Rhytisma fulvum, the sulphur leather coral, is a species of colonial soft coral in the family Alcyoniidae. It is native to shallow reefs in the Red Sea and the Indo-Pacific region. It was first described by the Swedish naturalist Peter Forsskål in 1775.

==Description==
Rhytisma fulvum is a zooxanthellate species and has two different colour morphs, yellowish-brown and grey. There is no taxonomic difference between these forms. It is an encrusting species forming sheets over the substrate which may mesh together. The polyps are small and packed together in rows, each raised on a cone-shaped peduncle.

==Distribution and habitat==
Rhytisma fulvum is native to the Indo-Pacific region. Its range extends from the Red Sea, Zanzibar and Madagascar, to Indonesia, Papua New Guinea and the Great Barrier Reef in Australia. It is found growing on reefs at depths of between 3 and 40 m. It is a pioneering species, being one of the first species to colonise areas where corals have died or damaged areas of reefs.

==Ecology==
Rhytisma fulvum is a dioecious species of soft coral, colonies being either male or female. In the Red Sea, breeding takes place from late June to early August. By this time, the oocytes have been maturing for about ten months and the sperm sacs for seven months. Male colonies liberate sperm into the water column in a spawning event synchronised with the phase of the moon, with shallow-water colonies spawning earlier in the year than deep-water ones. Fertilisation takes place inside the cavities of the polyps in female colonies. The embryos are then brooded on the surface of the colony, entangled in a sticky mucus. After about six days, the planula larvae have completed their development and are liberated and soon settle on the seabed. Each polyp in a female colony produces about twenty eggs, which is a relatively low number, but this is compensated for by the brooding process which maximises the chances of the developing larvae avoiding predation.
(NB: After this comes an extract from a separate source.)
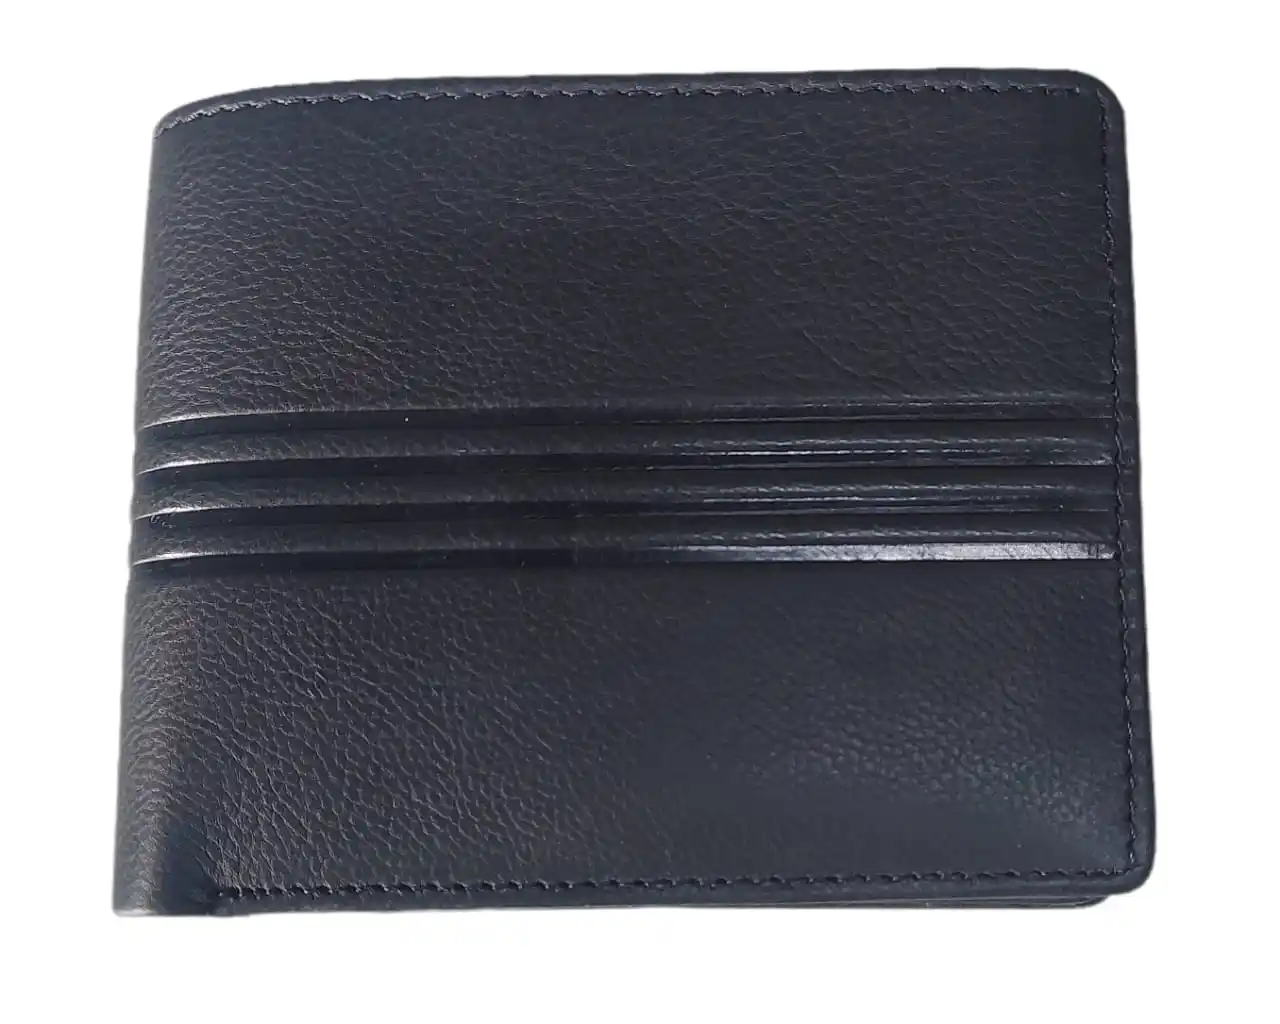 Portefeuille pour hommes avec protection RFID, compartiments pour cartes de crédit et billets de banque, pochette à fermeture éclair en cuir pur
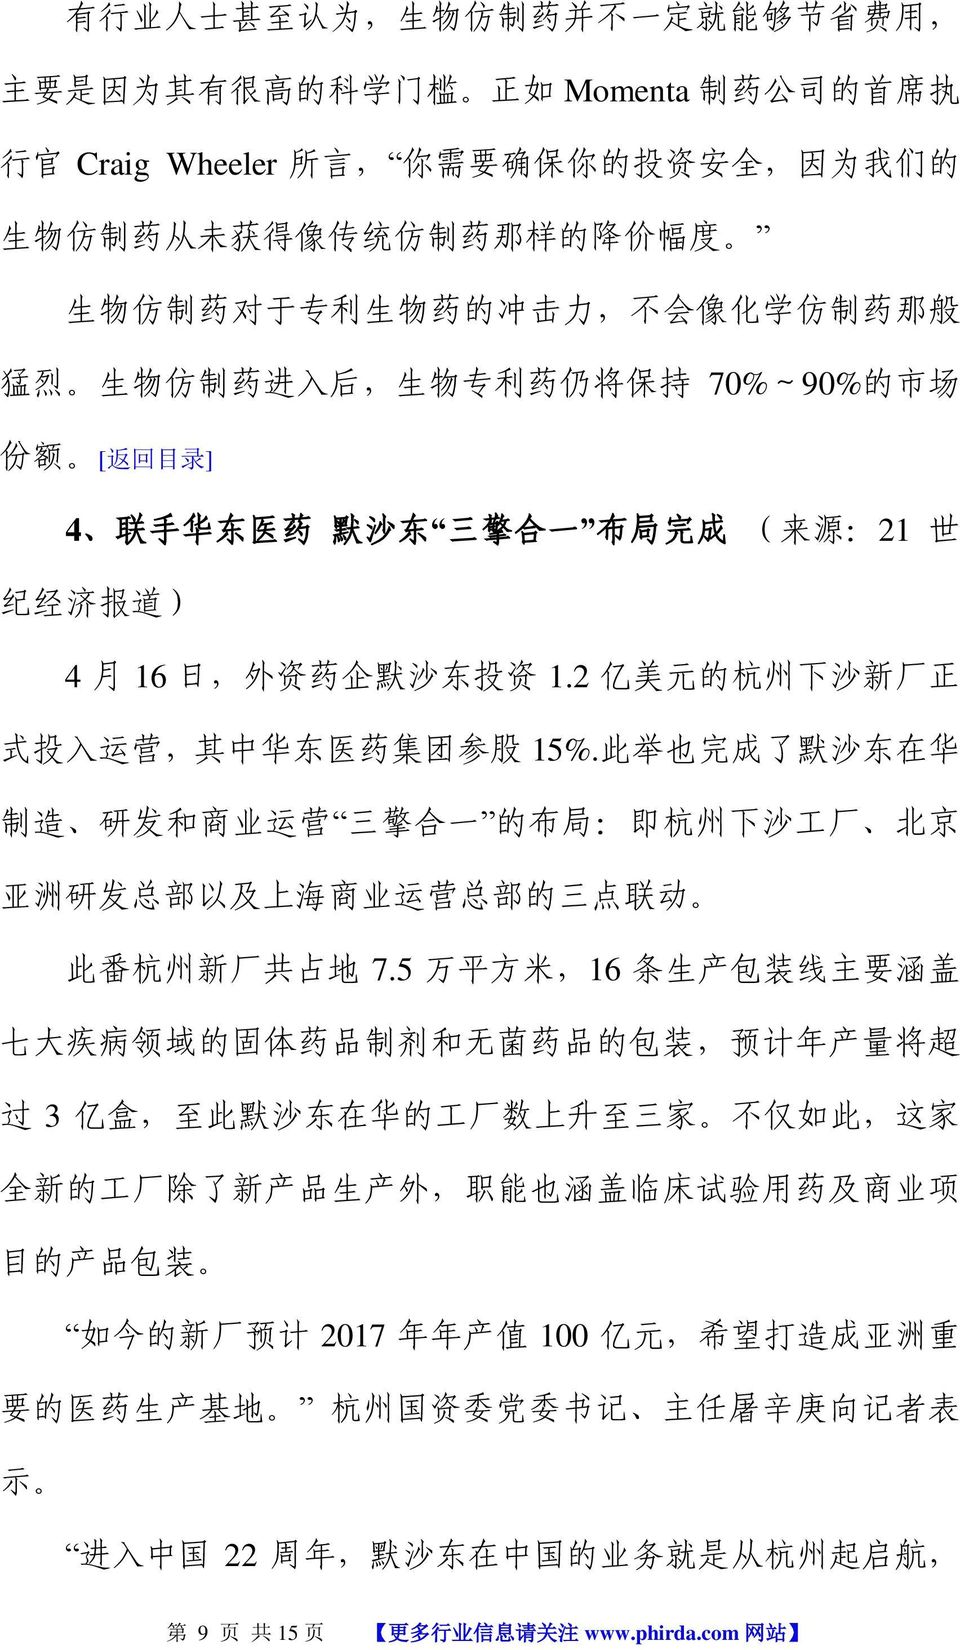 外 资 药 企 默 沙 东 投 资 1.2 亿 美 元 的 杭 州 下 沙 新 厂 正 式 投 入 运 营, 其 中 华 东 医 药 集 团 参 股 15%.

In the Red Sea, this soft coral is often preyed on by the nudibranch Marionia levis. The appearance of this seaslug closely resembles the surface of the coral, its gills even mimicking the feeding polyps, and this makes it very well-camouflaged. Its presence is revealed if the coral is touched, because this causes the polyps to retract and the nudibranch's presence is exposed. About a quarter of the corals of this species investigated were found to harbour this nudibranch.